When Iran led the Islamist trend in 1979, it helped set the tempo and trajectory of the ensuing decades in the region. Islamism, already rising in many a “secular” Arab country, became, in influence, second only to the state itself. In 2022, with Islamism now as spent as all the ideologies that preceded it, one has to wonder if Iran will be leading the pack in the opposite direction.
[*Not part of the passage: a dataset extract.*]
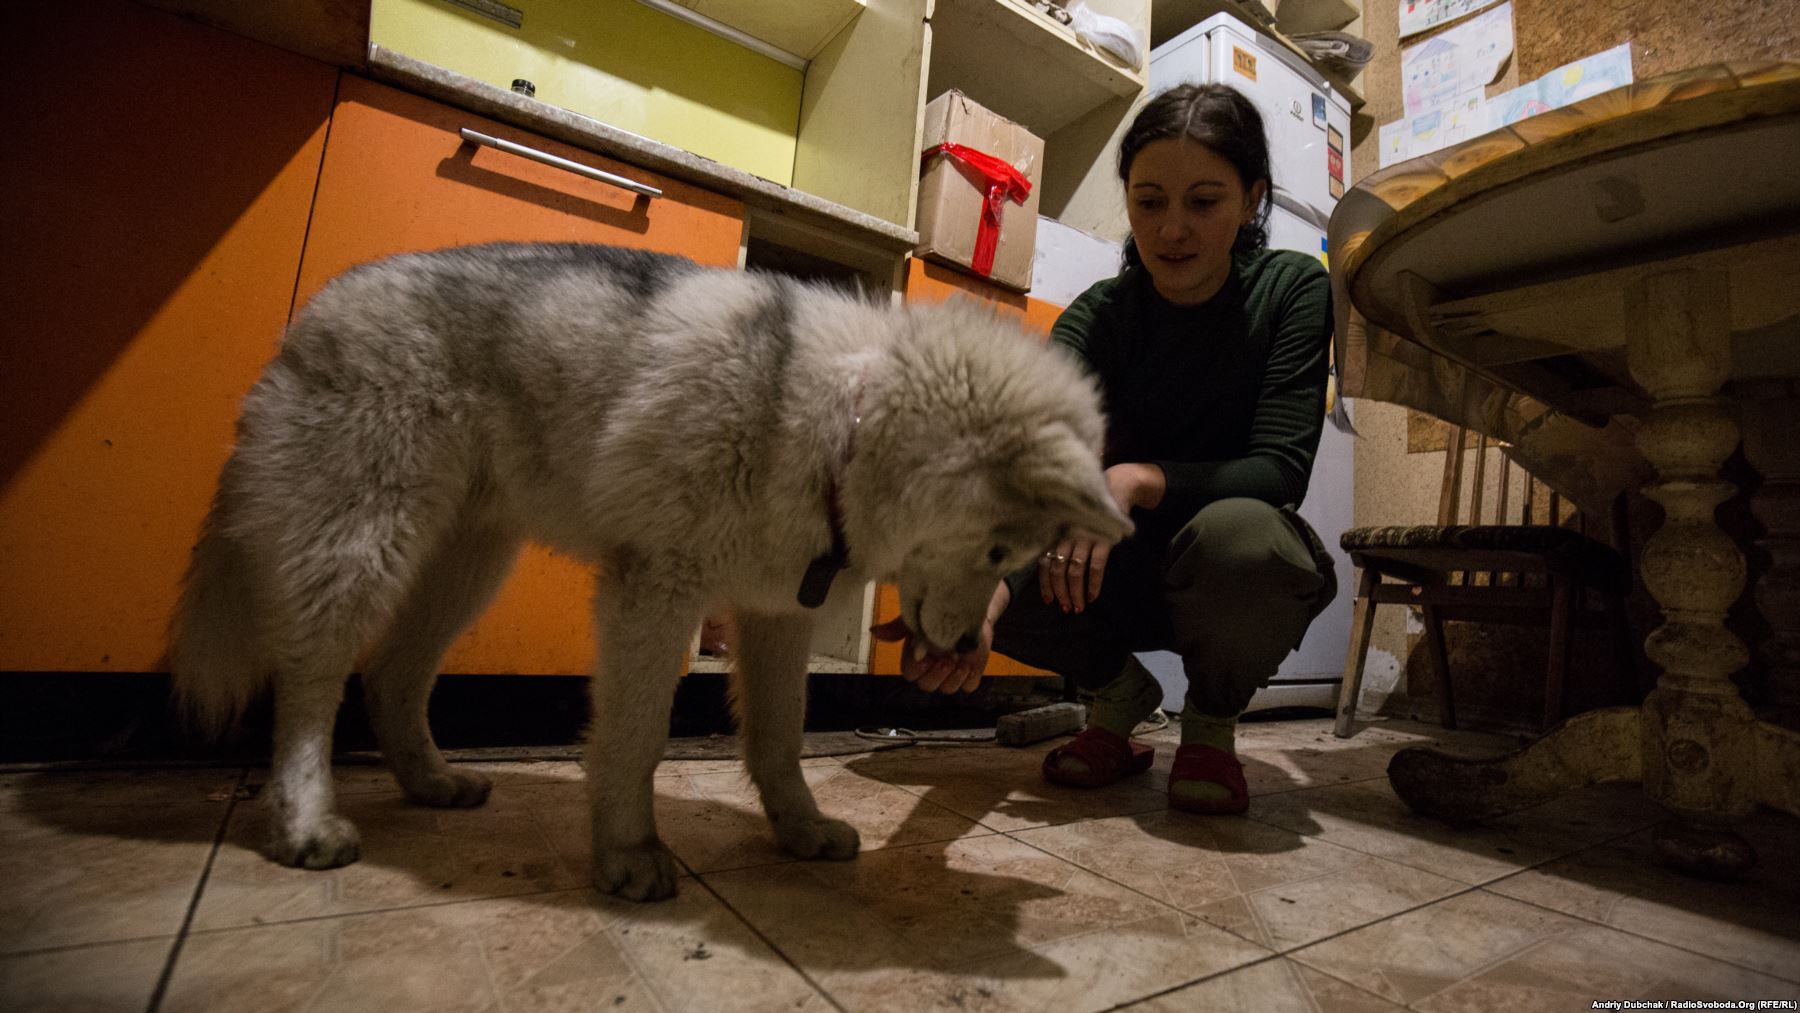 Дарина (23 роки) годує свого улюбленця, песика Рональда. На війні Даша з 2014 року, спочатку як волонтер, потім вже як воїн української армії. Вдома на Дашу чекає 6-річна донька

The Iranian regime is not going anywhere. This police state has entrenched itself in every nook and cranny of the country. It is very violent and has no qualms about shedding much blood in quelling dissent. But this is not to say that the clerical order itself is staying put. And if Iran does indeed pivot, then we will be witness to one of the Middle East’s most intriguing counter-trends.

And here’s the thing: whereas Saudi Arabia, by orders at the top, has already begun its pivot, Iran’s will have been carried out with much prodding from below.

WhatsApp Image 2022-10-08 at 4.07.52 PM
Iranian women protesting the veil in the latest unrest

****

On Another Note

I am hearing tick-tock every time I read about Israel and the Palestinian Occupied Territories. I have a foreboding that we are on the precipice of cataclysmic events. Comes now this profile in Jewish Currents of Kahanist Itamar Ben-Gvir to reinforce my jitters. Here’s a peek:

It was, like much of Ben-Gvir’s rhetoric, partially an act of trolling. For the followers of Meir Kahane—the American-born rabbi who became the leader of an armed, far-right theocratic and racist movement in Israel—Ben-Gurion, a secularist and socialist, has long represented not a hero worth emulating, but an ideological foe. Yet Ben-Gvir’s video was also a challenge to the Israeli center and center-left, which has sought to label him as beyond the pale of acceptability. By comparing himself to Ben Gurion, Ben-Gvir asserted that he and his party are not a deviation from Zionism’s founding spirit but its authentic continuation. 

Very soon now, Israel and Lebanon will be co-signatories to a maritime deal. Israel is very keen on it in order to start cashing in on the gas reserves. Lebanon is even keener because therein, it thinks, lies not only new treasures to thieve but the door to yet another miraculous escape. Most Lebanese forget that their country was once at the nexus of the Arab world’s rising oil economy. In fact, the 20th century’s good times were largely due to this link. In Synaps, Zachary Davis Cuyler revisits this “golden age” and warns of the pitfalls. It’s a fascinating read:

Yet that golden age also laid the foundations of Lebanon’s ongoing collapse, fueling an economy built on speculation, rent extraction, and import-based consumerism. This moment left plenty of physical traces: from a deeply rooted car culture to the rusting refinery north of Tripoli, through to the corporate headquarters that still stand amid Hamra’s darkened skyline.